[Collection entries]
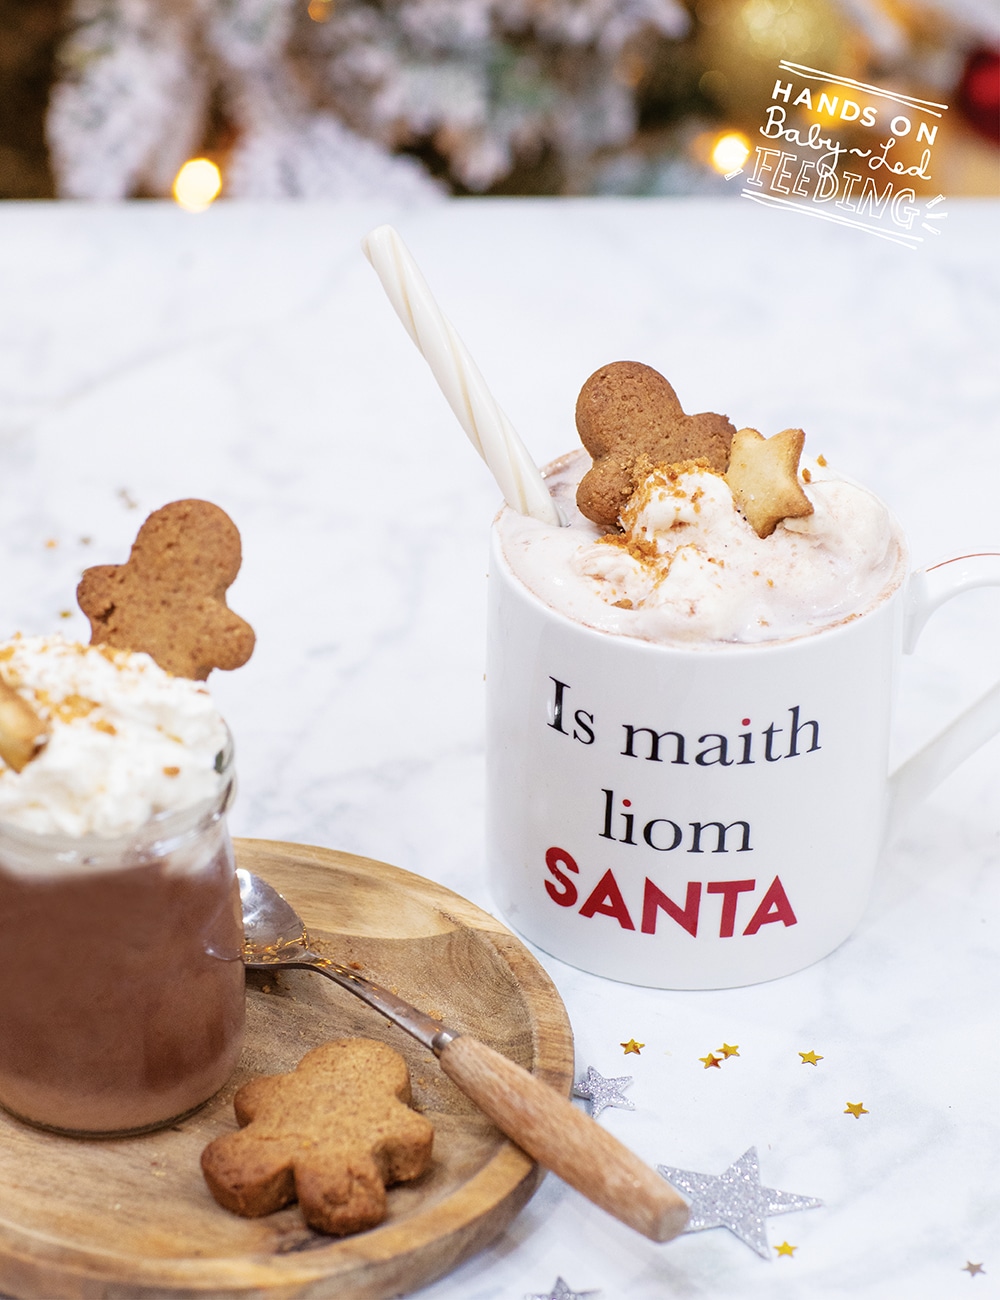 Refined sugar free, homemade gingerbread hot chocolate with fresh coconut whipped cream! Vegan recipe- choose your own milk. Lactose free. Baby and toddler friendly Christmas recipe. #christmasrecipe #hotchocolate #vegan #lactosefree
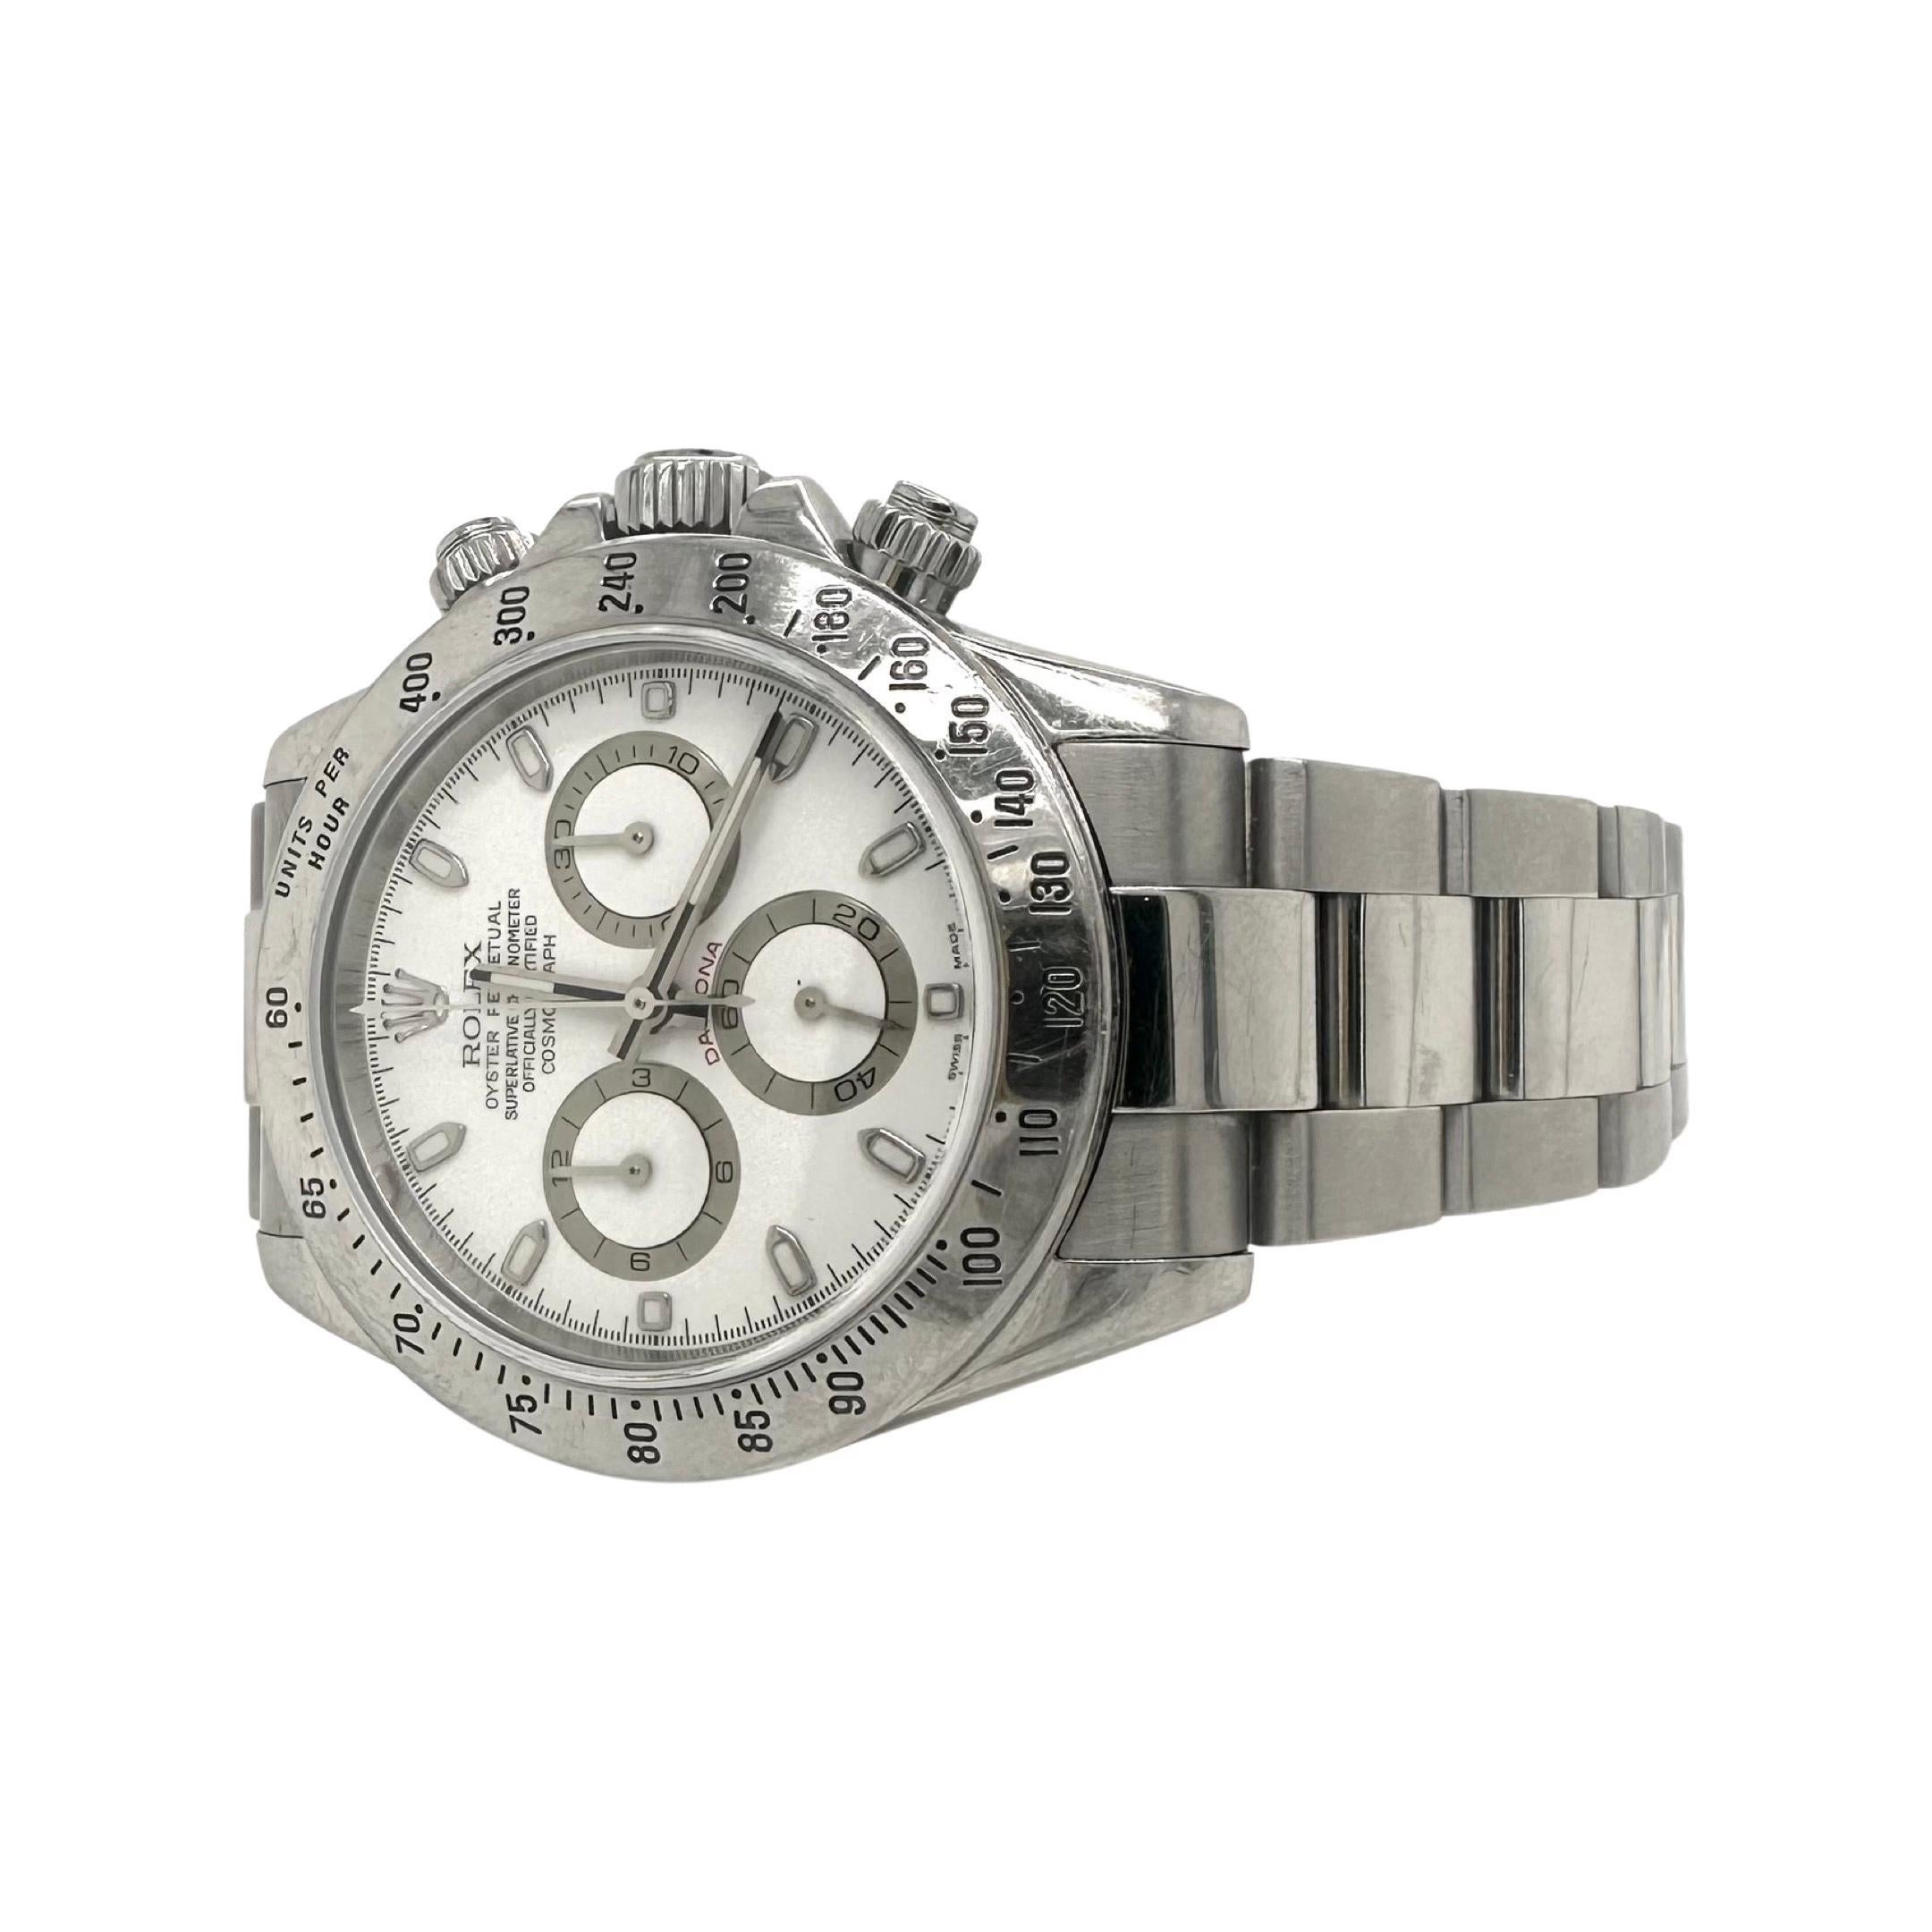 Brand: Rolex

Model Name: Cosmograph Daytona

Model Number: 116520

Movement: Mechanical Automatic

Case Size: 40 mm

Case Material: Stainless Steel 

Bezel: Units Per Hour

Bracelet: Oyster

Dial: White 

Links: 11 

Year: 2007​​​​​3

Includes:  24
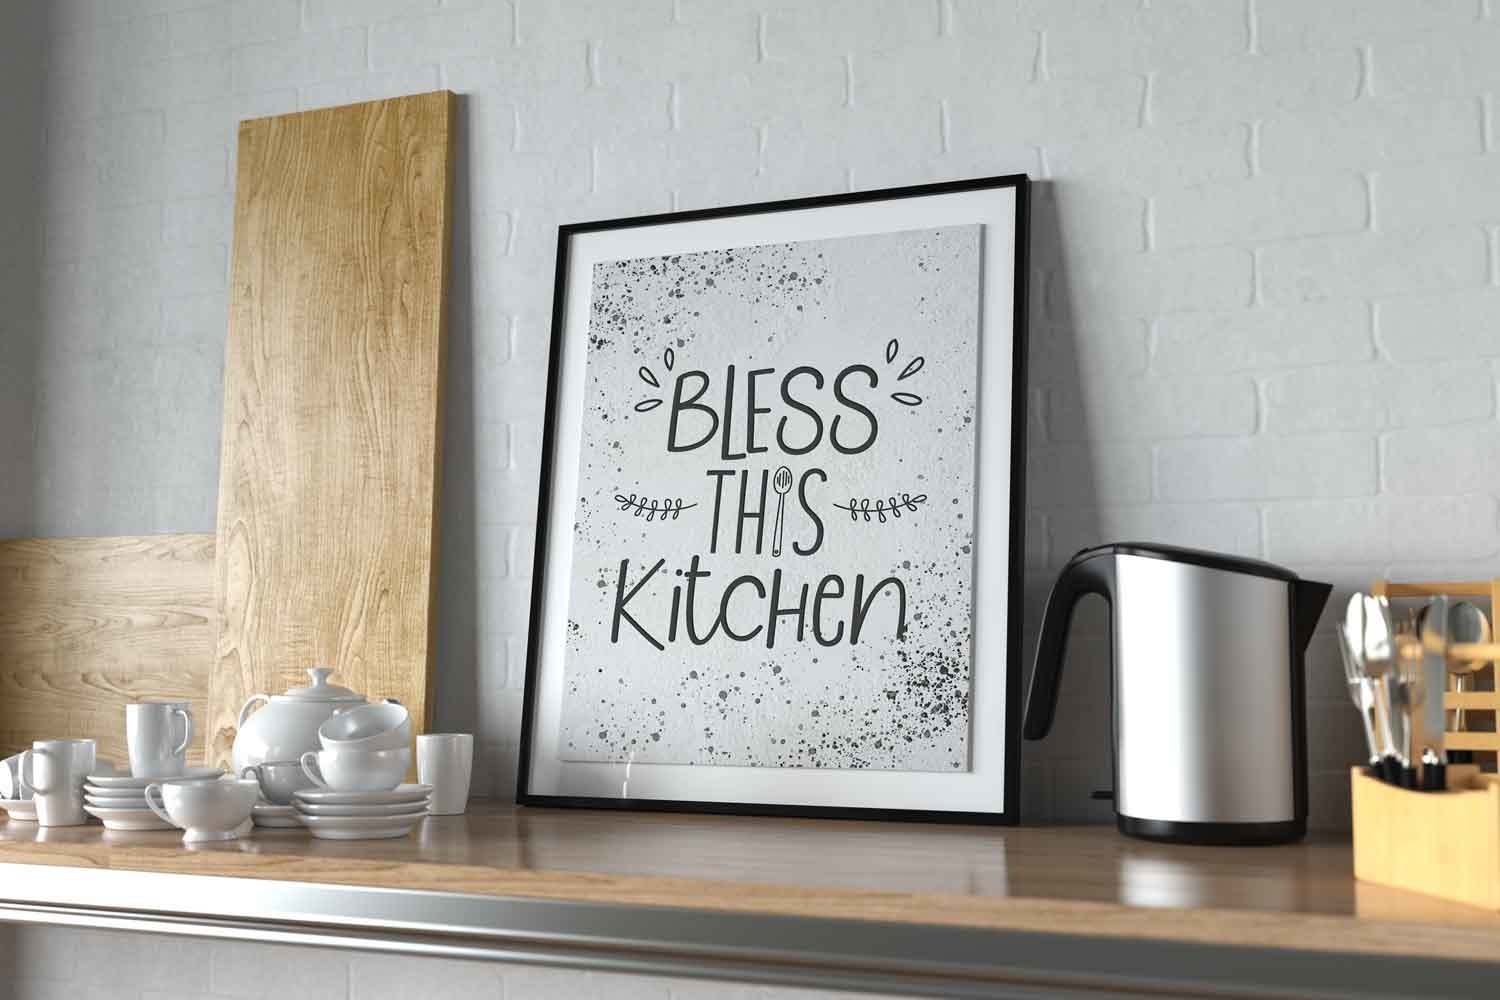 Nice simple poster for kitchen.
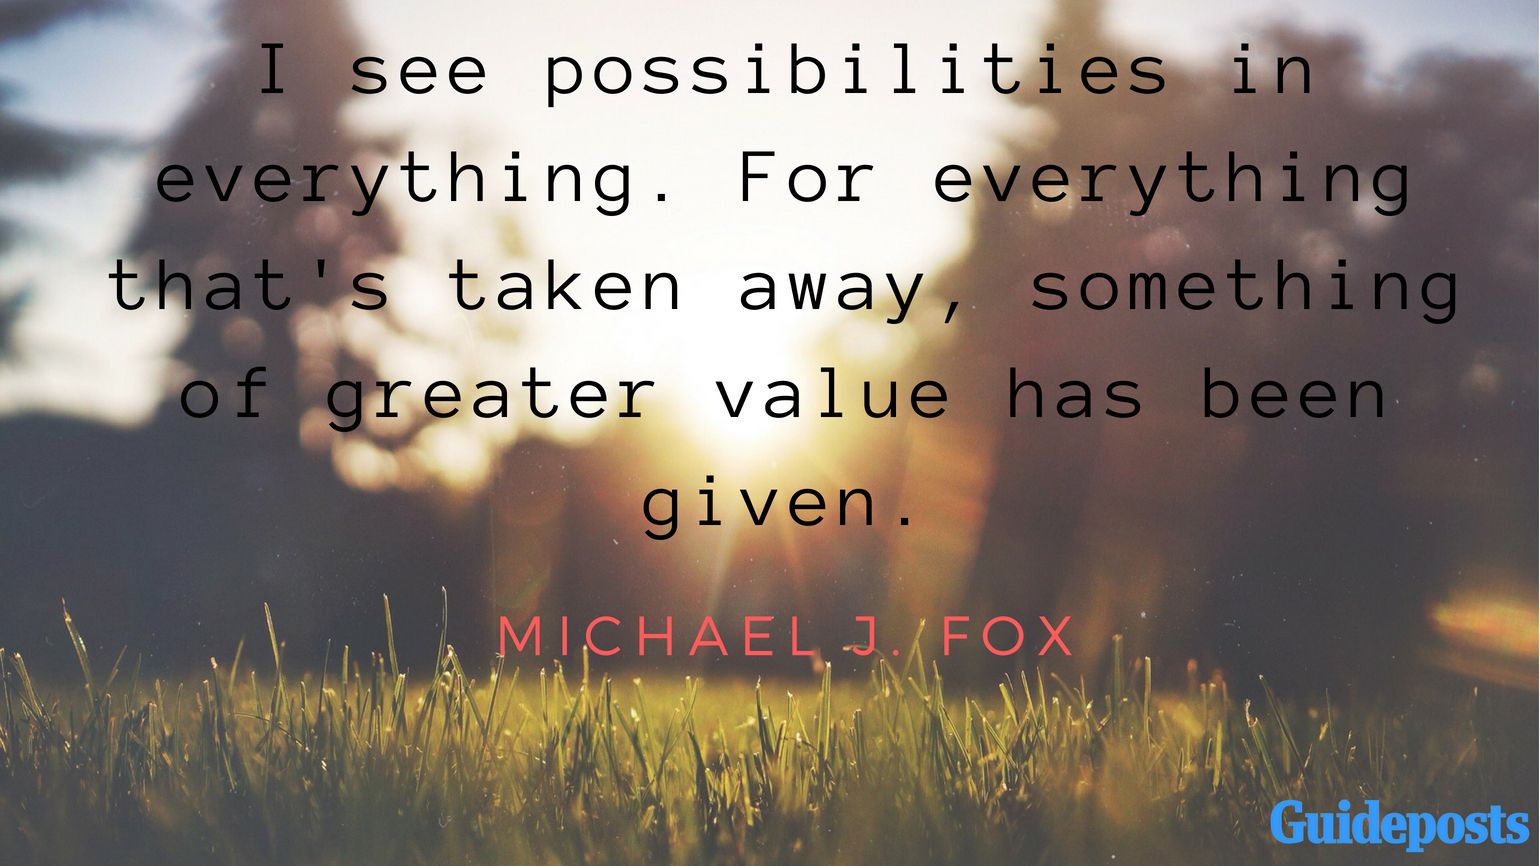 I see possibilities in everything. For everything that's taken away, something of greater value has been given. - Michael J. Fox

#### [Your objective]
Reproduce word for word the lines running from the line with "Bracelet: Oyster" through the end of the data, both included, and nothing else; leave out the pictures.

#### [Task answer]
Bracelet: Oyster

Dial: White 

Links: 11 

Year: 2007​​​​​3

Includes:  24
 Nice simple poster for kitchen.
 I see possibilities in everything. For everything that's taken away, something of greater value has been given. - Michael J. Fox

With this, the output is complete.